WORK INSTRUCTION
Exactly retype the lines of the material from its first line to the line with "suikervrije traktatie food2smile", including both.

PROVIDED INFORMATION

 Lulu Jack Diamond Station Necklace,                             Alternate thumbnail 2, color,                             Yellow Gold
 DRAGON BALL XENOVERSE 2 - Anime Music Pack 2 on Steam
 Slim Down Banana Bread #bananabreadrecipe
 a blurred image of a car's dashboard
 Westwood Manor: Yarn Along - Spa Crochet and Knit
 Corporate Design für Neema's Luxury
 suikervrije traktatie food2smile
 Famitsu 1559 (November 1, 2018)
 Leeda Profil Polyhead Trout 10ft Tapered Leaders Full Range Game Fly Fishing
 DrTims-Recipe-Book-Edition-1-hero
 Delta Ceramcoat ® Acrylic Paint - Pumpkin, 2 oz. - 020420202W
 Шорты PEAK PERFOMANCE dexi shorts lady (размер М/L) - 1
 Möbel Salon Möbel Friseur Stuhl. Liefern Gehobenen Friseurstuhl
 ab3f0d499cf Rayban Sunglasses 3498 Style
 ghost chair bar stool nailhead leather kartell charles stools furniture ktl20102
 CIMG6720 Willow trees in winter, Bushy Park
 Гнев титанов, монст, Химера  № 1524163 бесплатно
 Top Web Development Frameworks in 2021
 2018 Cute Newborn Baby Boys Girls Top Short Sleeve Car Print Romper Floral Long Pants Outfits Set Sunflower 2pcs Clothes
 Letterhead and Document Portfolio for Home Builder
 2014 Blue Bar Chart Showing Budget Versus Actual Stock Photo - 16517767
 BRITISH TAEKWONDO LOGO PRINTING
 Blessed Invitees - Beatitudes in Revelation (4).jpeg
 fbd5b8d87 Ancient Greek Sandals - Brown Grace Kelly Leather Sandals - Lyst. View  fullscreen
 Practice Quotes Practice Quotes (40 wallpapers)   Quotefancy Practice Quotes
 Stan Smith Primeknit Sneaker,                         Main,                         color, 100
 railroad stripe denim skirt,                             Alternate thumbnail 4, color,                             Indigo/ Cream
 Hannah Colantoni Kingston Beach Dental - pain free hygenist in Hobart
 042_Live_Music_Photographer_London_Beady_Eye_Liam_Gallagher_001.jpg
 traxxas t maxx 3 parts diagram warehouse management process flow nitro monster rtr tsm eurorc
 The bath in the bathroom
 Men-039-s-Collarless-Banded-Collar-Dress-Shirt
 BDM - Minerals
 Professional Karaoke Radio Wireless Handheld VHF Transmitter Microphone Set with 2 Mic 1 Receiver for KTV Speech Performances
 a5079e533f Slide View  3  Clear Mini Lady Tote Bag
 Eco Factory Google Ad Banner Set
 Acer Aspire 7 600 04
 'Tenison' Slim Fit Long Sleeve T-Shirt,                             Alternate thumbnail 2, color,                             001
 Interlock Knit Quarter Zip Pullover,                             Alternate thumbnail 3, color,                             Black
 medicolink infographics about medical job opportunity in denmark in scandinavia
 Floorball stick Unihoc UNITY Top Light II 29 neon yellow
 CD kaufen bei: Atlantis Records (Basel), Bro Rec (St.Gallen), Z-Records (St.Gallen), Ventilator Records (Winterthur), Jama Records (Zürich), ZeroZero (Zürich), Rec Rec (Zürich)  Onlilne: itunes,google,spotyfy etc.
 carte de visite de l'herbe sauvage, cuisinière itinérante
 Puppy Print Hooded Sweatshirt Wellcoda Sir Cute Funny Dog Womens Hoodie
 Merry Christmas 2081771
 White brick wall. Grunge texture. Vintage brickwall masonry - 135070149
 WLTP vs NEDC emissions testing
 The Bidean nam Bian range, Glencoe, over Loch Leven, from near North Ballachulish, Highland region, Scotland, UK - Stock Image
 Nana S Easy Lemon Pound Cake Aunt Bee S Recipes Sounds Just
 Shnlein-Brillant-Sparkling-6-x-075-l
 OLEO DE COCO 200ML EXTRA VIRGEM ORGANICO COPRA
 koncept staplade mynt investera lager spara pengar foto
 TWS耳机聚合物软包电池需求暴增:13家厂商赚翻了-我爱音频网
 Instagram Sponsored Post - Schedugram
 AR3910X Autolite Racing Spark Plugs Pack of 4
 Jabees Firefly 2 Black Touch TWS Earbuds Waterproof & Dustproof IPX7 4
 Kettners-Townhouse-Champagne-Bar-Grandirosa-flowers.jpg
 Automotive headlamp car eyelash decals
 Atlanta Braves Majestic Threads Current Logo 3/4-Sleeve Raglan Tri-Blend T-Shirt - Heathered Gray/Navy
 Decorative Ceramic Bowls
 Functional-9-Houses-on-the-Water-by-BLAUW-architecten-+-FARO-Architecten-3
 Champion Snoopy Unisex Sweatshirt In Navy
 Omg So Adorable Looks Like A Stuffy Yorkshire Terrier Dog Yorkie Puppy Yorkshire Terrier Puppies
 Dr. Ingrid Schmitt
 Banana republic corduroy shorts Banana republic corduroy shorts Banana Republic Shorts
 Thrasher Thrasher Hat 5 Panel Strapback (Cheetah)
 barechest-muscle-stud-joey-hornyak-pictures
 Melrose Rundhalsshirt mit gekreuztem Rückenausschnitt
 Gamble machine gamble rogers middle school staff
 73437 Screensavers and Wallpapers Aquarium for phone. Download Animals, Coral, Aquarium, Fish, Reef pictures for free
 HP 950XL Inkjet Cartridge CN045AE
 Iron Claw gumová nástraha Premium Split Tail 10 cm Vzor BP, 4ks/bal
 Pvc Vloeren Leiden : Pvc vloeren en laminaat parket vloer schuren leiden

PROBLEM SOLUTION
 Lulu Jack Diamond Station Necklace,                             Alternate thumbnail 2, color,                             Yellow Gold
 DRAGON BALL XENOVERSE 2 - Anime Music Pack 2 on Steam
 Slim Down Banana Bread #bananabreadrecipe
 a blurred image of a car's dashboard
 Westwood Manor: Yarn Along - Spa Crochet and Knit
 Corporate Design für Neema's Luxury
 suikervrije traktatie food2smile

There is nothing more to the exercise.